A sociological perspective would question this story. Sure, Jobs was a genius at designing consumer electronics. But didn’t he build on the ideas of others, catching a technological wage at just the right moment? Weren’t iPhones and iPads the result of billions of dollars in investment and the collective labor of Apple’s research and development teams?
The individualism-and-free markets narrative is seemingly supported by the discipline of economics, and the latter tends to dominate discussions about work and occupations, in part because it aligns so neatly with the dominant narrative. But even ostensibly basic issues about how the economy works are highly contested, and many scholars analyze the economy from outside of mainstream economics. There are a variety of sociological perspectives on the economy. A central area has historically been the sociology of work, occupations and organizations. (For those who want to learn more, check out a new blog for the Organizations, Occupations and Work section of the American Sociological Association .)
The sociology of work goes back to the classic sociological theorists: Marx. Durkheim and Weber. Each considered the analysis of modern work to be central to the incipient field of sociology.
Sociology is a fundamentally historical discipline. Whereas economists has theorized an ahistorical market society – indeed, a so-called pure and free market that only exists in their imaginations and textbooks – each of the classical sociological theorists began with the historical transition from traditional feudal society to the emerging market-based society.
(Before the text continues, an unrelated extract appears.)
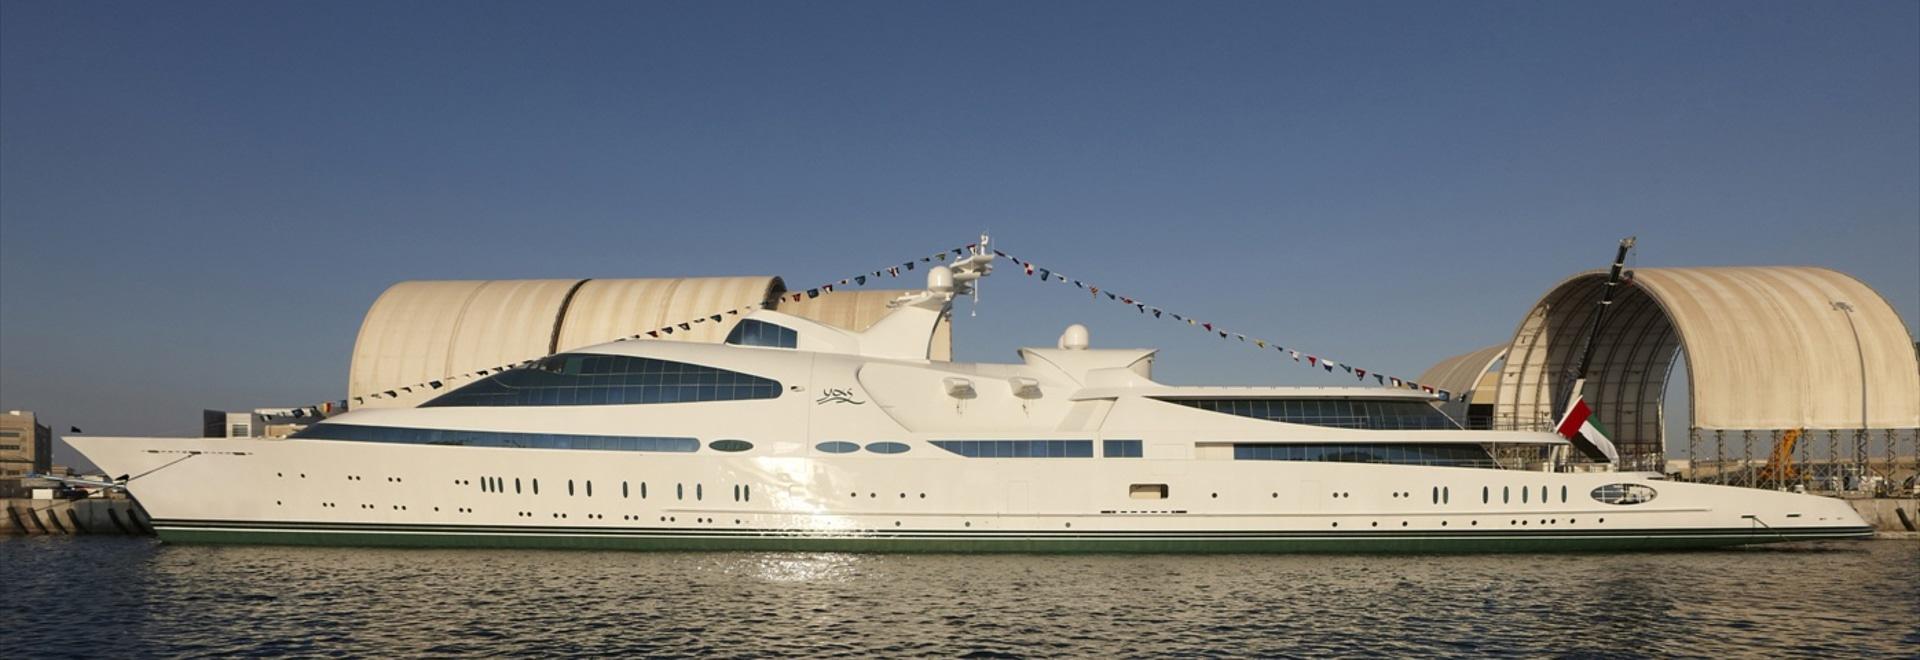 141m mega yacht YAS undergoing sea trials

In particular, they were all concerned in one way or another with the development of the modern labor market, where individuals buy and sell their labor for a wage in an open market to an employer.
Marx was the first social theorist to seriously examine the conditions of work in the new factories that were popping up all over England during the industrial revolution, examining how the transition from independent craft work to working inside a factory for a boss resulted in deskilling and alienation. The Marxist tradition continues to look at power dynamics in the workplace and different forms of managerial control of labor .
Durkheim was more concerned with how societies achieved stability based on traditions, customs and norms. He saw that traditional society, composed of peasants and lords, had a very homogeneous set of customs and norms based around feudal obligations and familial relationships. As these traditional relationships and related norms begin to dissolve during the industrial revolution, Durkheim wondered what would be the basis for social stability under the new market norms of individualism and competition. He thought that various industrial and occupational associations could provide such a basis. We see such associations today across the economy: medical associations, lawyers associations, community associations and the like. Durkheimian sociologists thus study the development of professions (and their associations) among other things.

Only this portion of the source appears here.